So this morning Barclays Chairman Marcus Agius resigned as a result of the latest 'trust' issue concerning our high street banks. Will his be the only resignation connected to this issue? Only time will tell.
All eyes will certainly be on CEO Bob Diamond when he appears before the House of Commons Treasury Select Committee on Wednesday, though you do wonder whether this issue is restricted to Barclays alone, or whether it might just be the tip of a very large iceberg within the broader banking industry.
This story has been allowed to grow and develop over the last five days with Barclays seemingly unable take control and manage the media attention. For a company with the size and profile of Barclays this is surprising.
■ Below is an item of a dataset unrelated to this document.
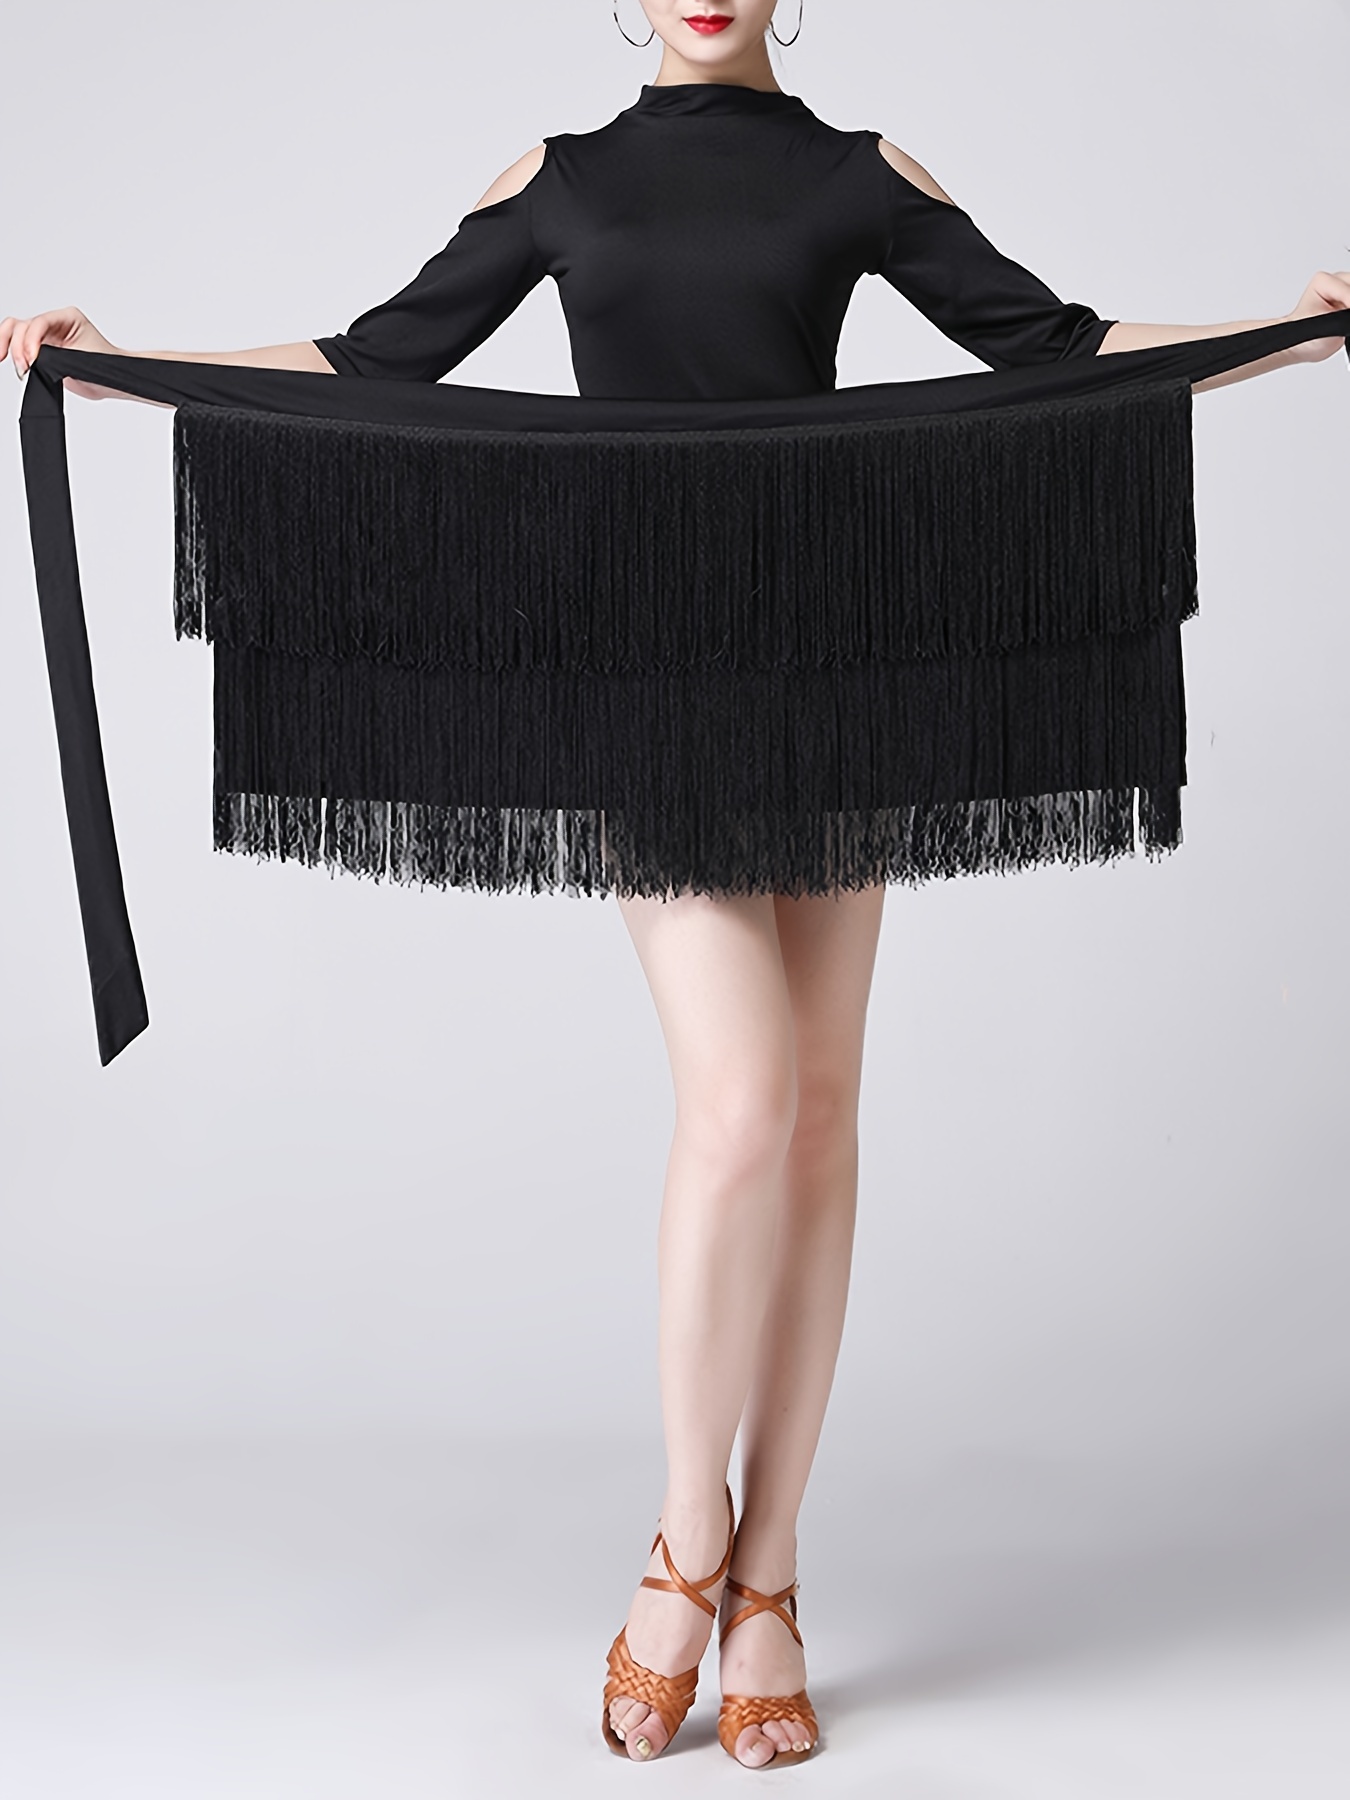 Women's Latin Tango Ballet Dance Hip Wrap Skirt – Black Tassel Trim

And whilst the issue may be a complex one, the basic rules of the game remain the same:
1. If you've done something wrong, say sorry - a little remorse goes a long way (something comedian Jimmy Carr demonstrated to great effect last week).
2. Fix the problem and fix it quickly. Demonstrate that you're in control. If you say it won't happen again, show how you're going to make sure it'll never happen again.
3. Show leadership and personality. People want to know that someone is in charge, and they want to trust that person. Having a senior business leader as a constant source of updates and communication is vital.
How this story plays out over the next week or so is uncertain. What is certain, however, is that the story will continue to run, thanks to Bob Diamond’s select committee appearance on Wednesday, followed by Marcus Agius’s turn on Thursday. How Barclays handles it will also come under severe scrutiny by the media commentators.